WHAT NEEDS TO BE DONE » Output the complete listing. Match it exactly.

DATA TO EXAMINE »
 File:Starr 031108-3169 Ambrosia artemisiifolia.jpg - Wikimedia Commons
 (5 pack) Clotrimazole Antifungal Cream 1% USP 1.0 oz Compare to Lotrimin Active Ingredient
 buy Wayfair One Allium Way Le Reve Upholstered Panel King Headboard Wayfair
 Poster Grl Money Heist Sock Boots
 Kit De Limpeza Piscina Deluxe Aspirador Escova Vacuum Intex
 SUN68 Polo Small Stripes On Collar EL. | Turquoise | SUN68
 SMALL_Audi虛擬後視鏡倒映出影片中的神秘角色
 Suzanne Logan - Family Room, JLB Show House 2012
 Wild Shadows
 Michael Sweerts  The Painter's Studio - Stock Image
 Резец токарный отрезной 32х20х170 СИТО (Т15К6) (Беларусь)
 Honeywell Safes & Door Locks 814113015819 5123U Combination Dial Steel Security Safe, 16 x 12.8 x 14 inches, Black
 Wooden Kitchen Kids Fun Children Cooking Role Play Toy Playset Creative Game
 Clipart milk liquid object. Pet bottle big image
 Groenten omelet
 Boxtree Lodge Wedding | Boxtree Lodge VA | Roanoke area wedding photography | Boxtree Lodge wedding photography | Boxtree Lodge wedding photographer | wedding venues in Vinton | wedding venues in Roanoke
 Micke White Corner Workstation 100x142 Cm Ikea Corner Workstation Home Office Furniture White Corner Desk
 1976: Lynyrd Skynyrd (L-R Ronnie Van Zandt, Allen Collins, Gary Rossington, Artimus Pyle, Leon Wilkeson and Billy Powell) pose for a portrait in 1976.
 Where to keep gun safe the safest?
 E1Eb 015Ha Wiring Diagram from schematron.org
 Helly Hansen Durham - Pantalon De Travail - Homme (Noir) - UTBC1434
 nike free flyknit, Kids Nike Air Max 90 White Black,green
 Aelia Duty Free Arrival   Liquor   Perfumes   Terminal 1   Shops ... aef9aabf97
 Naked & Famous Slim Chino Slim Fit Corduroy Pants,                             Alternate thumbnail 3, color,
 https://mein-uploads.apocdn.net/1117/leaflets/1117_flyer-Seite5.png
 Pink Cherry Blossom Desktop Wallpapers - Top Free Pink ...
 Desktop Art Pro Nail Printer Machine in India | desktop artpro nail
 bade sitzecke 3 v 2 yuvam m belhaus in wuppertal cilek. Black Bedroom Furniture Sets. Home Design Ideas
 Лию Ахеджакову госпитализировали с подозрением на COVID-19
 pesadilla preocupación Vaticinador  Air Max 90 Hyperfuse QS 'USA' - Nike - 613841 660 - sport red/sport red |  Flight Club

WORKED SOLUTION »
 File:Starr 031108-3169 Ambrosia artemisiifolia.jpg - Wikimedia Commons
 (5 pack) Clotrimazole Antifungal Cream 1% USP 1.0 oz Compare to Lotrimin Active Ingredient
 buy Wayfair One Allium Way Le Reve Upholstered Panel King Headboard Wayfair
 Poster Grl Money Heist Sock Boots
 Kit De Limpeza Piscina Deluxe Aspirador Escova Vacuum Intex
 SUN68 Polo Small Stripes On Collar EL. | Turquoise | SUN68
 SMALL_Audi虛擬後視鏡倒映出影片中的神秘角色
 Suzanne Logan - Family Room, JLB Show House 2012
 Wild Shadows
 Michael Sweerts  The Painter's Studio - Stock Image
 Резец токарный отрезной 32х20х170 СИТО (Т15К6) (Беларусь)
 Honeywell Safes & Door Locks 814113015819 5123U Combination Dial Steel Security Safe, 16 x 12.8 x 14 inches, Black
 Wooden Kitchen Kids Fun Children Cooking Role Play Toy Playset Creative Game
 Clipart milk liquid object. Pet bottle big image
 Groenten omelet
 Boxtree Lodge Wedding | Boxtree Lodge VA | Roanoke area wedding photography | Boxtree Lodge wedding photography | Boxtree Lodge wedding photographer | wedding venues in Vinton | wedding venues in Roanoke
 Micke White Corner Workstation 100x142 Cm Ikea Corner Workstation Home Office Furniture White Corner Desk
 1976: Lynyrd Skynyrd (L-R Ronnie Van Zandt, Allen Collins, Gary Rossington, Artimus Pyle, Leon Wilkeson and Billy Powell) pose for a portrait in 1976.
 Where to keep gun safe the safest?
 E1Eb 015Ha Wiring Diagram from schematron.org
 Helly Hansen Durham - Pantalon De Travail - Homme (Noir) - UTBC1434
 nike free flyknit, Kids Nike Air Max 90 White Black,green
 Aelia Duty Free Arrival   Liquor   Perfumes   Terminal 1   Shops ... aef9aabf97
 Naked & Famous Slim Chino Slim Fit Corduroy Pants,                             Alternate thumbnail 3, color,
 https://mein-uploads.apocdn.net/1117/leaflets/1117_flyer-Seite5.png
 Pink Cherry Blossom Desktop Wallpapers - Top Free Pink ...
 Desktop Art Pro Nail Printer Machine in India | desktop artpro nail
 bade sitzecke 3 v 2 yuvam m belhaus in wuppertal cilek. Black Bedroom Furniture Sets. Home Design Ideas
 Лию Ахеджакову госпитализировали с подозрением на COVID-19
 pesadilla preocupación Vaticinador  Air Max 90 Hyperfuse QS 'USA' - Nike - 613841 660 - sport red/sport red |  Flight Club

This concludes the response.